在mpi4py中使用运算符归约列表并求和每个元素

使用列表推导式和zip函数，来存储每一列的最大值。

In [1]: procs0=[1, 2, 3, 0, 0, 0, 0, 0, 0, 0, 0, 0]    
In [2]: procs1=[0, 0, 0, 4, 5, 6, 0, 0, 0, 0, 0, 0]
In [3]: procs2=[0, 0, 0, 0, 0, 0, 7, 8, 9, 0, 0, 0]
In [4]: procs3=[0, 0, 0, 0, 0, 0, 0, 0, 0, 10, 11, 12]

In [5]: [max(i) for i in zip(procs0, procs1, procs2, procs3)]
Out[5]: [1, 2, 3, 4, 5, 6, 7, 8, 9, 10, 11, 12]
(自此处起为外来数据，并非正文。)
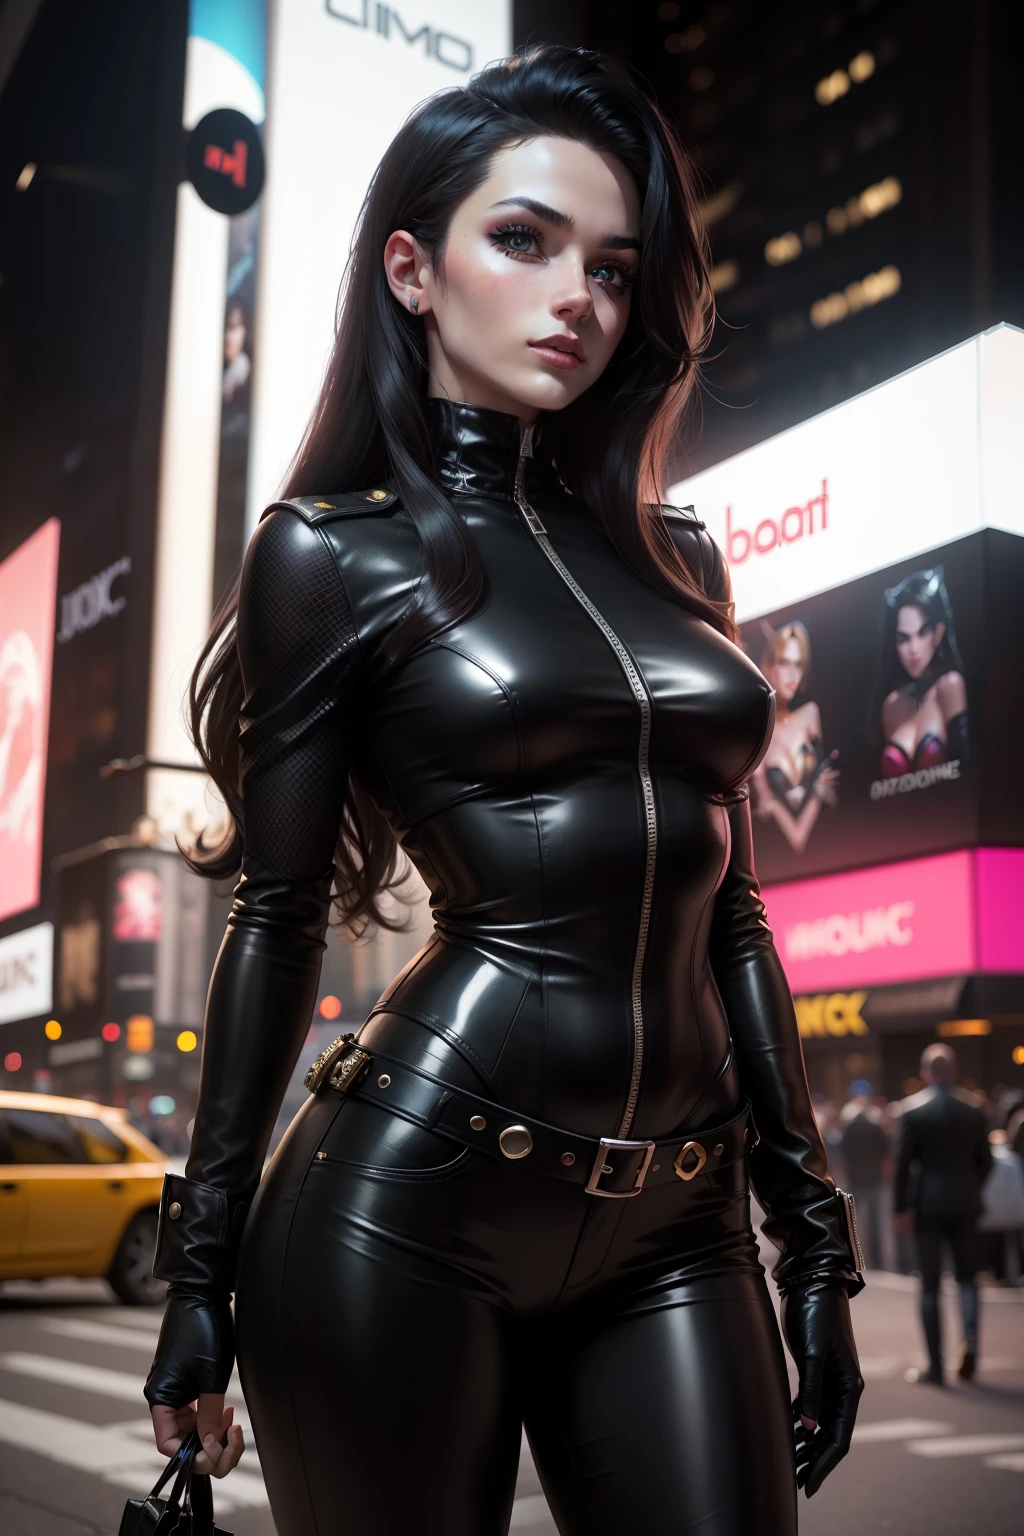 ニューヨーク市, タイムスクエア, キャラクター セリーナ カイル, DCコミックスが発行する漫画に登場する人物, バットマン物語のアンチヒロイン. 彼女の制服は真っ黒だ, 本当に "光沢のある黒のPVC", 白くて長い髪をしている, 美しい若い女性であること. 彼女の名前と外見のテーマは、彼女が "猫", あれは, 泥棒, 特に宝石類. (最高品質: 1.0), (超高解像度: 1.0), 非常に詳細な顔と目, (写実的な: 1.2)
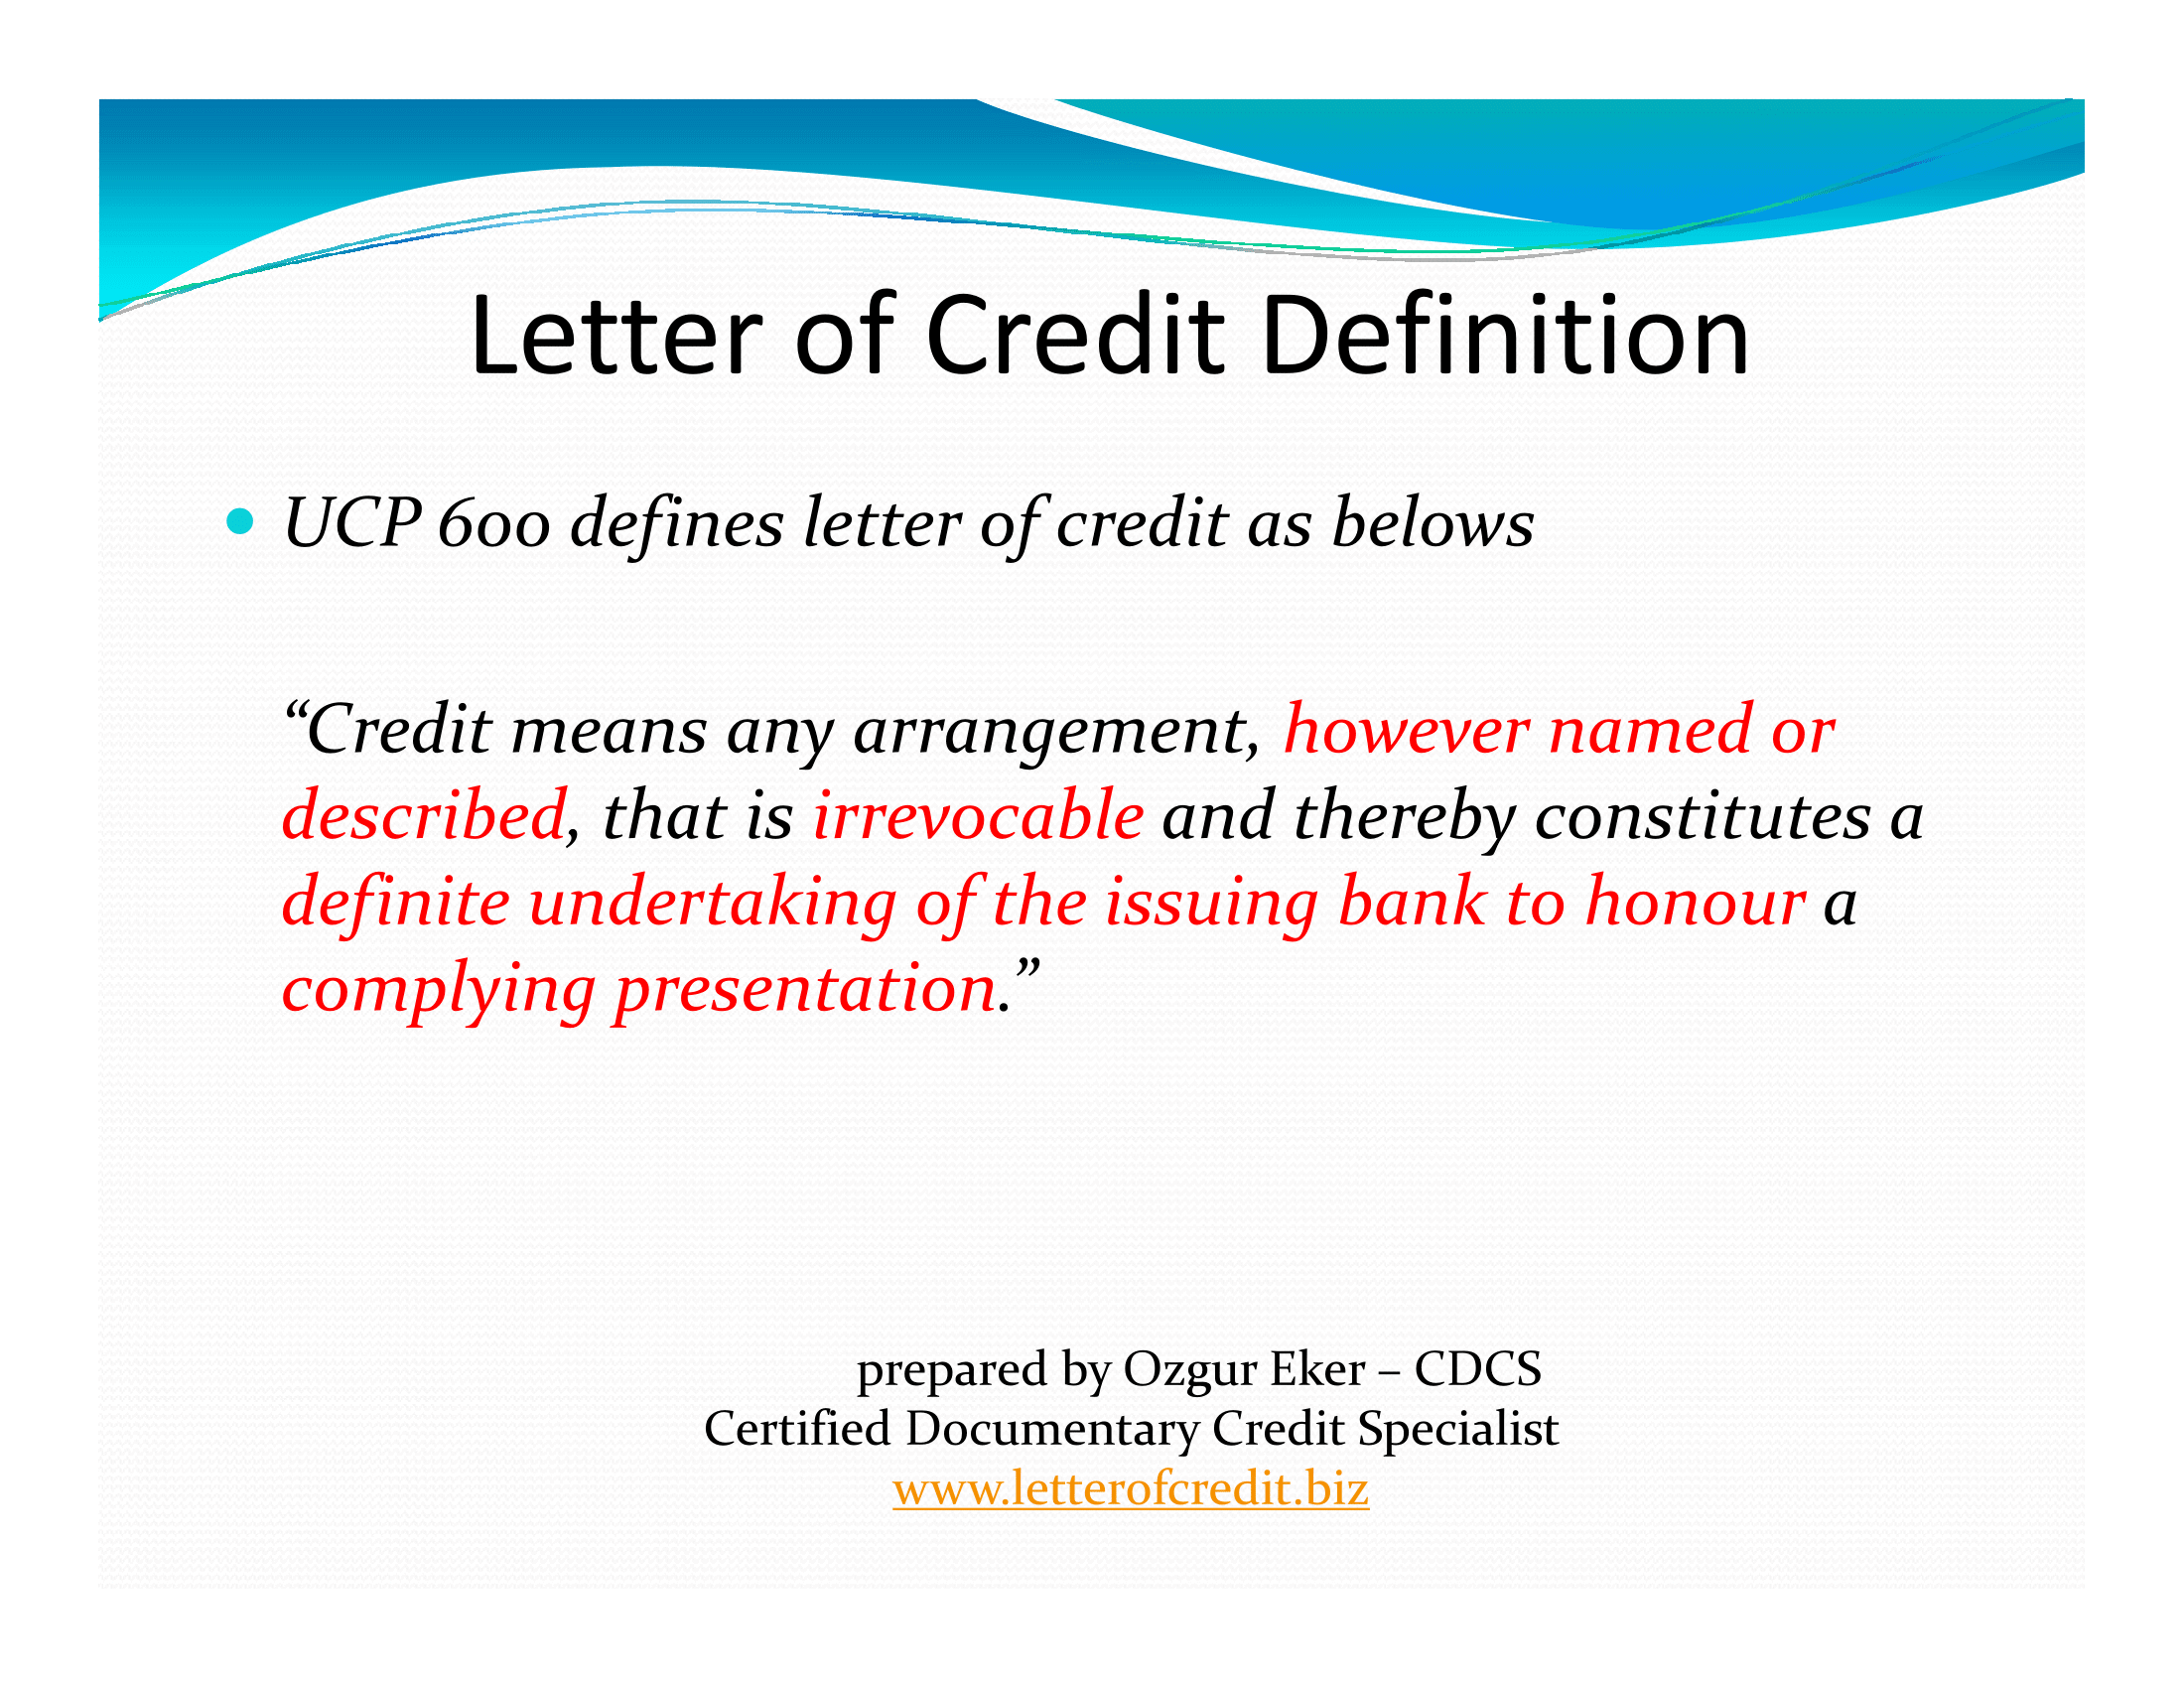 presentation on letter of credit

我不太确定你问的问题是想要数据的总和，还是想要最大值。我写了一个简单的例子，使用了mpi的Reduce函数，这个函数可以计算总和。

#!/usr/bin/env python
import numpy as np
from mpi4py import MPI
comm = MPI.COMM_WORLD

comm.Barrier()
t_start = MPI.Wtime()

# this array lives on each processor
data = np.zeros(5)
for i in xrange(comm.rank, len(data), comm.size):
    # set data in each array that is different for each processor
    data[i] = i

# print out the data arrays for each processor
print '[%i]'%comm.rank, data
comm.Barrier()

# the 'totals' array will hold the sum of each 'data' array
if comm.rank==0:
    # only processor 0 will actually get the data
    totals = np.zeros_like(data)
else:
    totals = None

# use MPI to get the totals 
comm.Reduce(
    [data, MPI.DOUBLE],
    [totals, MPI.DOUBLE],
    op = MPI.SUM,
    root = 0
)

# print out the 'totals'
# only processor 0 actually has the data
print '[%i]'%comm.rank, totals

comm.Barrier()
t_diff = MPI.Wtime() - t_start
if comm.rank==0: print t_diff

把这个代码保存到一个叫reduce_test.py的文件里，然后用命令mpirun -np 3 ./reduce_test.py运行，结果在我的机器上是这样的：

[0] [ 0.  0.  0.  3.  0.]
[1] [ 0.  1.  0.  0.  4.]
[2] [ 0.  0.  2.  0.  0.]
[1] None
[2] None
[0] [ 0.  1.  2.  3.  4.]
0.00260496139526

注意，如果你把调用comm.Reduce时的参数op = MPI.SUM改成op = MPI.MAX，那么就会计算最大值，而不是总和。